Ни секты, ни дискуссионные кружки основой массовой организации стать не могут, просто по своей органической природе — они ориентированы на самовоспроизводство и самосохранение и тем более стабильны, чем более стоят спиной к внешнему миру. Разумеется, это отнюдь не означает отсутствия взаимодействия, например, с социальными движениями или рабочими профсоюзами. Но вопрос в том, как, для чего, каким образом строится это взаимодействие? Сектантско-кружковый принцип предполагает, что работать с социальными движениями можно одним из двух способов: либо просто участвовать в них, поддерживать все их начинания, выступая своего рода бескорыстными помощниками любого протеста; либо вести в рядах протестующих разъяснительную работу, доказывая, что всё зло — в капитализме, объясняя системную природу проблем, с которыми сталкиваются те или иные слои общества. В последнем случае успех работы определяется тем, сколько активистов социального движения удалось «завербовать», затащить в свой кружок, идейно «поднять до своего уровня». Однако движение в целом остаётся на прежнем уровне, не развивается и, по большей части, заходит в тупик. Идейная работа левых в социальных движениях оказывается неэффективной потому, что нет ответа на вопрос, что левые могут предложить этому движению как таковому, как они хотят повлиять на его развитие, программу, стратегию, организацию. В лучшем случае борьба за гегемонию внутри социального движения сводится к выдавливанию из него фашистов и националистов или к вялой полемике с либералами по общим вопросам. Но даже если гегемония завоёвана, если именно левые идейные позиции доминируют среди активистов и лидеров протеста (что сегодня встречается не так уж редко), что это даёт движению? Как влияет на его деятельность, программу, повестку дня?
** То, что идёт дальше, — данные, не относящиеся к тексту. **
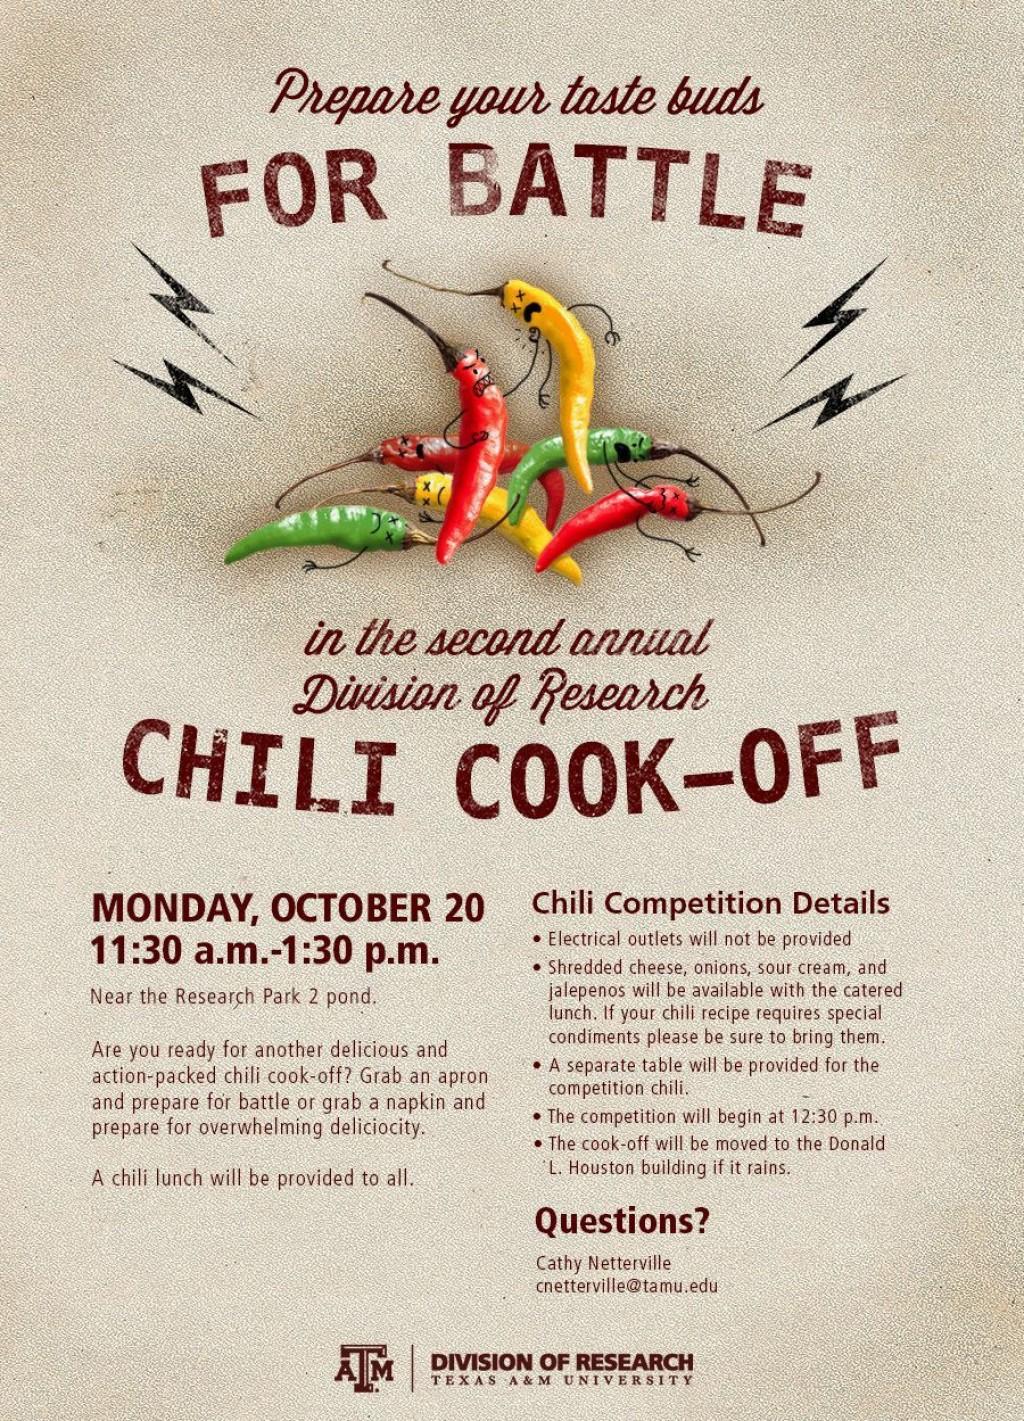 003 Singular Chili Cook Off Flyer Template Design  Halloween Office PowerpointLarge

Проблема не в том, что предложений или идей нет, что левые, якобы, не имеют программы, а в том, что сектантски-кружковая практика делает ненужной и невозможной работу по формированию общественной повестки дня.
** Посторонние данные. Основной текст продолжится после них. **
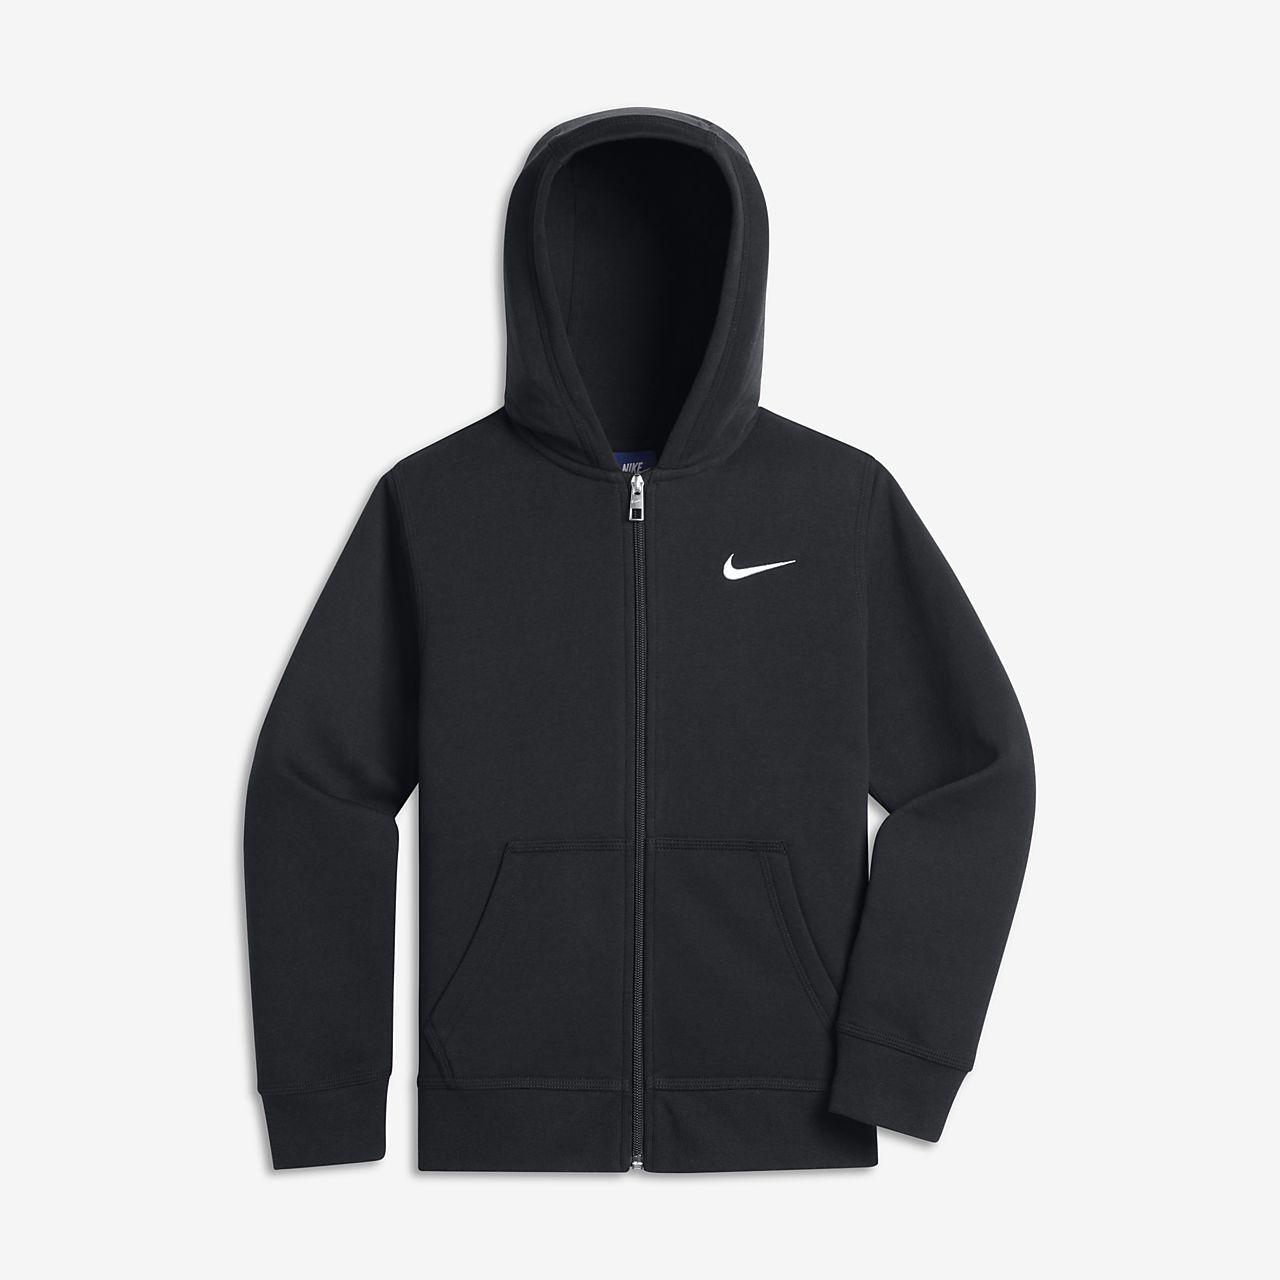 nike hoodie zipper

Осознание этой ситуации, стремление выйти за пределы сектантской псевдополитики и потребность в объединении в 2010–2011 годах наблюдается среди левых повсеместно. К тому же за два десятилетия, прошедших со времени распада СССР, острота разногласий и противостояния между различными идейными традициями в значительной мере сошла на нет. Активисты, считающие себя «продолжателями дела Ленина и Сталина», не видят большой беды в том, чтобы сотрудничать с троцкистами, а различия между более умеренными и более радикальными левыми всё более стираются под влиянием кризиса. Все понимают, что самоопределяться надо не по отношению к традициям прошлого, а в соответствии с задачами социальной и политической борьбы дня сегодняшнего. Однако, парадоксальным образом, даже искренние и сознательные попытки изменить ситуацию, преодолеть сектантство и создать нечто качественно новое, ожидаемых результатов не дают. Построить новую левую партию на основе объединения кружков и сект не получается. И не в идейных разногласиях дело, не в амбициях и не в столкновении групповых интересов, а в том, что новая организация может быть создана только на основе нового массового движения, в котором левые, прошедшие школу кружков и сект, могут выступить в качестве своего рода идейного фермента, катализатора политического процесса, но никак не в качестве основы, на которой всё строится.
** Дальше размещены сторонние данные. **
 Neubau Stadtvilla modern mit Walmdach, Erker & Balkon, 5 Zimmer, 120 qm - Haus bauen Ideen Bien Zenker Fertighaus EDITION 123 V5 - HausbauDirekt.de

Но где массовое движение? Оно то возникает, то исчезает, как призрак коммунизма, описанный Марксом в 1848 году. В обществе происходит постепенная политизация, но она неравномерна, а главное не соответствует нашим пожеланиям и, зачастую, прогнозам. Видимо дело не только в осознании проблемы и готовности её решать, но и в том, чтобы найти нужное решение, алгоритм политических действий.
А такой алгоритм не может быть выстроен без понимания социальной и политической ситуации в России и других странах постсоветского пространства, ситуации, которая, если и не уникальна, то явно не соответствует готовым шаблонам, привычным для отечественных левых. Противоречивость политического момента, переживаемого Россией в 2011–2012 годах, состоит в том, что кризис отечественной социально-экономической модели капитализма обострился до того предела, когда воспроизводство этой системы становится технически невозможным, а её распад — исключительно делом времени. А жёсткая и неэффективная система управления гарантирует, что развал системы неминуемо примет форму политической революции. Но на фоне объективной неизбежности системного краха, социальные связи в обществе крайне слабы, его классовая структура является рыхлой, культурные традиции — крайне ослабленными, рабочее движение — незрелым и малочисленным. Именно это и предопределяет неудачу попыток построить более или менее «правильную» левую партию, модель которой тесно связана с опорой на жёсткую и определённую социальную базу. Короче, революционная ситуация есть, а революционного субъекта нет.